The aim of this study was to determine how many trials are required to assess VV perception after stroke to better adapt assessment to patient abilities and at the same time maintain good inter-trial reliability of the measure. Surprisingly, our study is the first to address the question of the number of trials sufficient for VV measurement.
To the best of our knowledge, among the myriad studies of VV perception using different numbers of trials, no studies have ever justified the choice of this number. Our study showed that the number of trials needed to reach high inter-trial reliability was a minimum of six for patients with contralesional and ipsilesional biases. For this number of trials, the SEM was slightly higher than 1° for the contralesional bias subgroup. For patients with normal VV perception, it seems that more than 10 trials are required, but the SEM (1.13°) with this number was as good as for the other subgroups. As compared with 10 trials, 6 and 8 trials allowed for a correct identification of alterations in VV perception in most patients, with less than 5 % of the patients misclassified.
These findings are valid for the conditions under which VV was assessed in our study, (i.e., VV assessed with the method of adjustments [13] in subacute hemispheric stroke patients seated, with the trunk and head maintained upright [9]) and for a fixed criterion (ICC ≥0.9), guaranteeing, in our opinion, a high reliability of the measure in clinical practice.
In our study, the minimum number of trials identified was the same for the two subgroups of patients with biased verticality perception (contralesional or ipsilesional), even if the underlying mechanisms of these biases are probably different [2]. However, for similar SEMs for these two VV alterations, more trials (up to 10) are needed for patients presenting contralesional bias.
In patients with normal VV perception, VV orientation assessment required more than 10 trials to reach the ICC ≥0.9 cutoff. The lowest ICCs for this subgroup are certainly affected by the lower inter-subject variance (to −2.37° from 2.31°) as compared with other subgroups (to −14.72° from −2.61° and to 2.51° from 10.79° for contralesional and ipsilesional subgroups, respectively). Because ICC values are a ratio of the variance between subjects and the total variance, coefficients are systematically lower in homogeneous samples [16]. This argument is supported by the correct SEM (1.13°) value with 10 trials for this subgroup. Considering the large size of this subgroup (n = 52) and that the inter-subject variance is limited by two boundaries, more than 10 trials may not contribute to significantly increasing the ICC.
Study limitations
In our study, participants adjusted the luminous rod without a time limit as is usual in clinical practice.
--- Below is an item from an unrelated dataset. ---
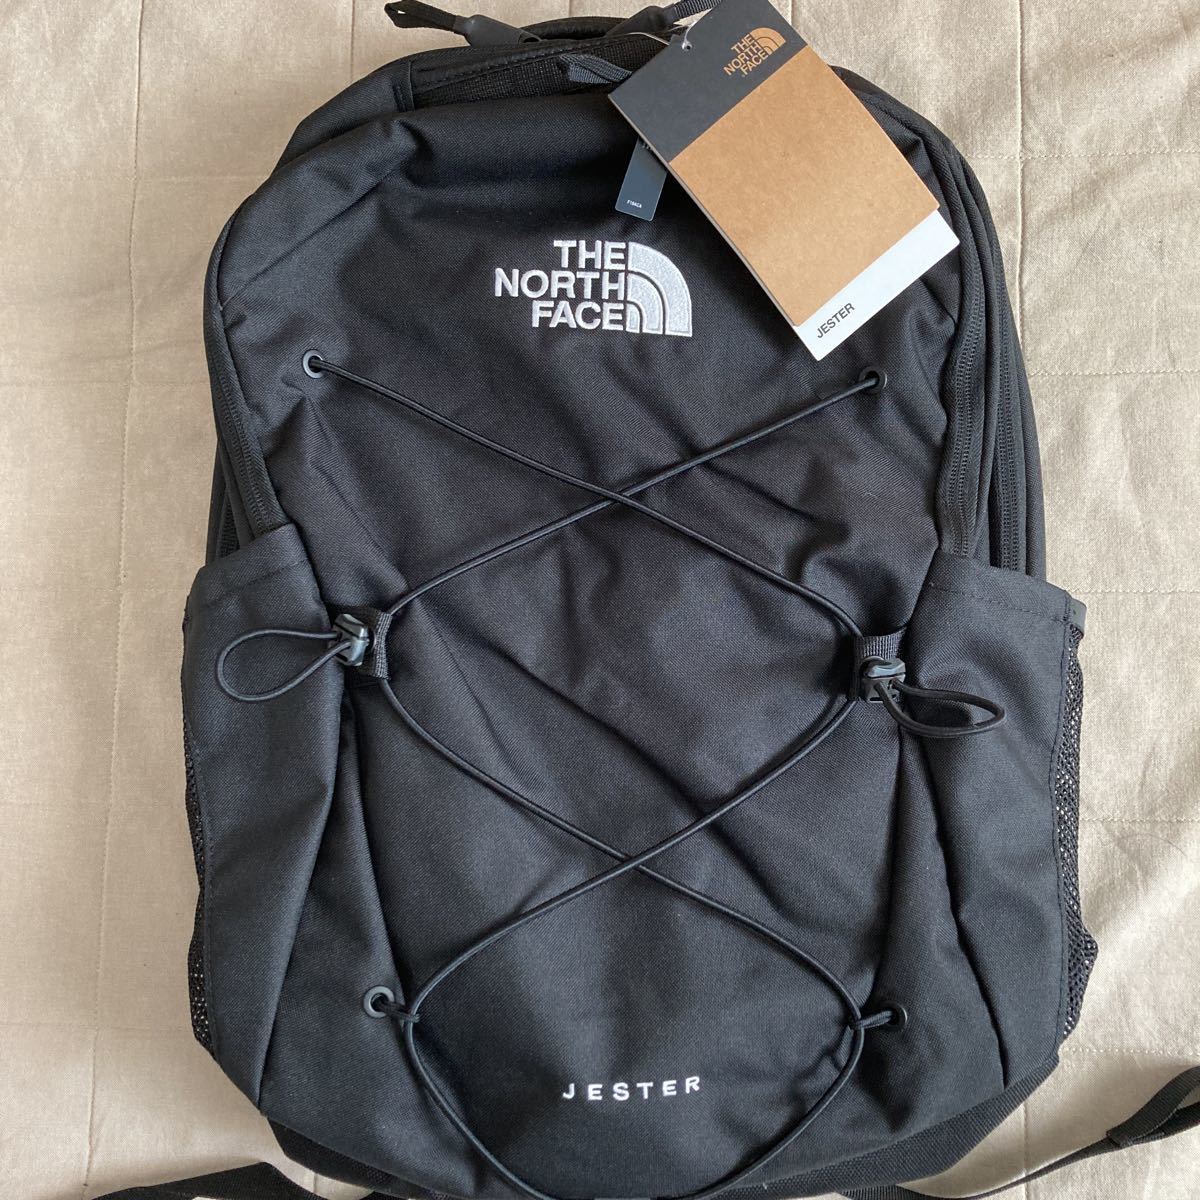 THE NORTH FACE ノースフェイス☆JESTER ジェスター☆BACKPACK バックパック リュック☆27リットル 黒☆新品☆送料込み

This situation respects both the capacity and strategy of every patient. However, if healthy participants spend more time on single adjustments, the trial becomes more accurate and precise [17]. Since the aim of this study was to generalize findings for clinical use in stroke rehabilitation, the procedure was similar to what we use in clinical practice.
We selected 10 trials as the maximum number of trials to assess VV perception in agreement with the literature on VV perception in stroke patients [2–4, 6, 7, 9] and to limit examination time due to fatigability in stroke patients. Fatigability was not quantified because the use of questionnaires is difficult with hemisphere stroke patients who frequently present aphasia and other cognitive disorders. However, the examiner ensured that patients felt able to complete the assessment and that their response did not become aberrant.